**Prompt:** Under no circumstances alter the records; copy each one exactly.

START Record excerpts

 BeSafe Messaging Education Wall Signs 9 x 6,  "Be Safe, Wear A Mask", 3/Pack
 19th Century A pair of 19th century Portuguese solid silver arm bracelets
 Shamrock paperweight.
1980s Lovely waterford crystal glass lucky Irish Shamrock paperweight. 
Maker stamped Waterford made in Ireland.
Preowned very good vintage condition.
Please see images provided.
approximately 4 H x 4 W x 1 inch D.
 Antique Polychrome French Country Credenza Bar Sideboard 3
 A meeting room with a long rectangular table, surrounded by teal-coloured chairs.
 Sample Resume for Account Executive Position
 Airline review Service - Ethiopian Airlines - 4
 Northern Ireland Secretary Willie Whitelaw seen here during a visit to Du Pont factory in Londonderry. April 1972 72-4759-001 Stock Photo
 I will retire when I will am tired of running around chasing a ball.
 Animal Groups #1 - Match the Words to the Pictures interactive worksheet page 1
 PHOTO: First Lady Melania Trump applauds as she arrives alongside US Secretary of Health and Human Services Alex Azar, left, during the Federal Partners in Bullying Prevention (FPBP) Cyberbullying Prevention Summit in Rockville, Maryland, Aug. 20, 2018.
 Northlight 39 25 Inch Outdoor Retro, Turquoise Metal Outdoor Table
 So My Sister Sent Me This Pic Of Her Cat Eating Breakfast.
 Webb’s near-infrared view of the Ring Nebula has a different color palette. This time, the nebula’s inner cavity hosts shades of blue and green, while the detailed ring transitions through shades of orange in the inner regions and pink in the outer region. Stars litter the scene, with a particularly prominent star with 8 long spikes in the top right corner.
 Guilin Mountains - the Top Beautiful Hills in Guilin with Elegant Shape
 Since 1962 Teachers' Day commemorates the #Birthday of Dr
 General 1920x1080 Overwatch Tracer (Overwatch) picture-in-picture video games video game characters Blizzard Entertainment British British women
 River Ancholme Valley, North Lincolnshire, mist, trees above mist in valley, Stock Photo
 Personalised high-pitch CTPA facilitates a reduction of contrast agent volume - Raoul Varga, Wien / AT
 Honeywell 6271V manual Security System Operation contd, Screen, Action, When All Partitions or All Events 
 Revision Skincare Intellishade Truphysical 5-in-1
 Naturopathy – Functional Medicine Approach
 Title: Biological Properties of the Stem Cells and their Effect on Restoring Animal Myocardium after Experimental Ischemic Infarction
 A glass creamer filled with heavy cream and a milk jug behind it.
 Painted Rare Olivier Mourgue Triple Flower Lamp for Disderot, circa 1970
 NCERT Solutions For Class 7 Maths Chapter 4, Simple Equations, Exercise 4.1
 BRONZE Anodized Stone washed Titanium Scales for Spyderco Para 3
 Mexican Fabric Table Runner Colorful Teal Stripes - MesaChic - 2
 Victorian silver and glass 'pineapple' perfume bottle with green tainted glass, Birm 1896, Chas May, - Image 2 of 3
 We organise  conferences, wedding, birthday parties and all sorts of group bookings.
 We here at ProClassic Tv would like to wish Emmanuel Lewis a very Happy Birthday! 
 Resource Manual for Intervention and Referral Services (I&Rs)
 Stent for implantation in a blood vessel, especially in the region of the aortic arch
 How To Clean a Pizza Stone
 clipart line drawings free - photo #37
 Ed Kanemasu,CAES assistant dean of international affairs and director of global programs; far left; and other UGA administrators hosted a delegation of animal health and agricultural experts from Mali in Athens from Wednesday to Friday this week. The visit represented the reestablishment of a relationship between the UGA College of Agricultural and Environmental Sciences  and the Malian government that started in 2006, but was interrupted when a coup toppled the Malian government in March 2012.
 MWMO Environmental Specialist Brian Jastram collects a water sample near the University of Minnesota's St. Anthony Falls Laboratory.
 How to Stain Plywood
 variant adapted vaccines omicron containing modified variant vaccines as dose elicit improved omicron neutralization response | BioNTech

END Record excerpts

**Solution for this task:**
 BeSafe Messaging Education Wall Signs 9 x 6,  "Be Safe, Wear A Mask", 3/Pack
 19th Century A pair of 19th century Portuguese solid silver arm bracelets
 Shamrock paperweight.
1980s Lovely waterford crystal glass lucky Irish Shamrock paperweight. 
Maker stamped Waterford made in Ireland.
Preowned very good vintage condition.
Please see images provided.
approximately 4 H x 4 W x 1 inch D.
 Antique Polychrome French Country Credenza Bar Sideboard 3
 A meeting room with a long rectangular table, surrounded by teal-coloured chairs.
 Sample Resume for Account Executive Position
 Airline review Service - Ethiopian Airlines - 4
 Northern Ireland Secretary Willie Whitelaw seen here during a visit to Du Pont factory in Londonderry. April 1972 72-4759-001 Stock Photo
 I will retire when I will am tired of running around chasing a ball.
 Animal Groups #1 - Match the Words to the Pictures interactive worksheet page 1
 PHOTO: First Lady Melania Trump applauds as she arrives alongside US Secretary of Health and Human Services Alex Azar, left, during the Federal Partners in Bullying Prevention (FPBP) Cyberbullying Prevention Summit in Rockville, Maryland, Aug. 20, 2018.
 Northlight 39 25 Inch Outdoor Retro, Turquoise Metal Outdoor Table
 So My Sister Sent Me This Pic Of Her Cat Eating Breakfast.
 Webb’s near-infrared view of the Ring Nebula has a different color palette. This time, the nebula’s inner cavity hosts shades of blue and green, while the detailed ring transitions through shades of orange in the inner regions and pink in the outer region. Stars litter the scene, with a particularly prominent star with 8 long spikes in the top right corner.
 Guilin Mountains - the Top Beautiful Hills in Guilin with Elegant Shape
 Since 1962 Teachers' Day commemorates the #Birthday of Dr
 General 1920x1080 Overwatch Tracer (Overwatch) picture-in-picture video games video game characters Blizzard Entertainment British British women
 River Ancholme Valley, North Lincolnshire, mist, trees above mist in valley, Stock Photo
 Personalised high-pitch CTPA facilitates a reduction of contrast agent volume - Raoul Varga, Wien / AT
 Honeywell 6271V manual Security System Operation contd, Screen, Action, When All Partitions or All Events 
 Revision Skincare Intellishade Truphysical 5-in-1
 Naturopathy – Functional Medicine Approach
 Title: Biological Properties of the Stem Cells and their Effect on Restoring Animal Myocardium after Experimental Ischemic Infarction
 A glass creamer filled with heavy cream and a milk jug behind it.
 Painted Rare Olivier Mourgue Triple Flower Lamp for Disderot, circa 1970
 NCERT Solutions For Class 7 Maths Chapter 4, Simple Equations, Exercise 4.1
 BRONZE Anodized Stone washed Titanium Scales for Spyderco Para 3
 Mexican Fabric Table Runner Colorful Teal Stripes - MesaChic - 2
 Victorian silver and glass 'pineapple' perfume bottle with green tainted glass, Birm 1896, Chas May, - Image 2 of 3
 We organise  conferences, wedding, birthday parties and all sorts of group bookings.
 We here at ProClassic Tv would like to wish Emmanuel Lewis a very Happy Birthday! 
 Resource Manual for Intervention and Referral Services (I&Rs)
 Stent for implantation in a blood vessel, especially in the region of the aortic arch
 How To Clean a Pizza Stone
 clipart line drawings free - photo #37
 Ed Kanemasu,CAES assistant dean of international affairs and director of global programs; far left; and other UGA administrators hosted a delegation of animal health and agricultural experts from Mali in Athens from Wednesday to Friday this week. The visit represented the reestablishment of a relationship between the UGA College of Agricultural and Environmental Sciences  and the Malian government that started in 2006, but was interrupted when a coup toppled the Malian government in March 2012.
 MWMO Environmental Specialist Brian Jastram collects a water sample near the University of Minnesota's St. Anthony Falls Laboratory.
 How to Stain Plywood
 variant adapted vaccines omicron containing modified variant vaccines as dose elicit improved omicron neutralization response | BioNTech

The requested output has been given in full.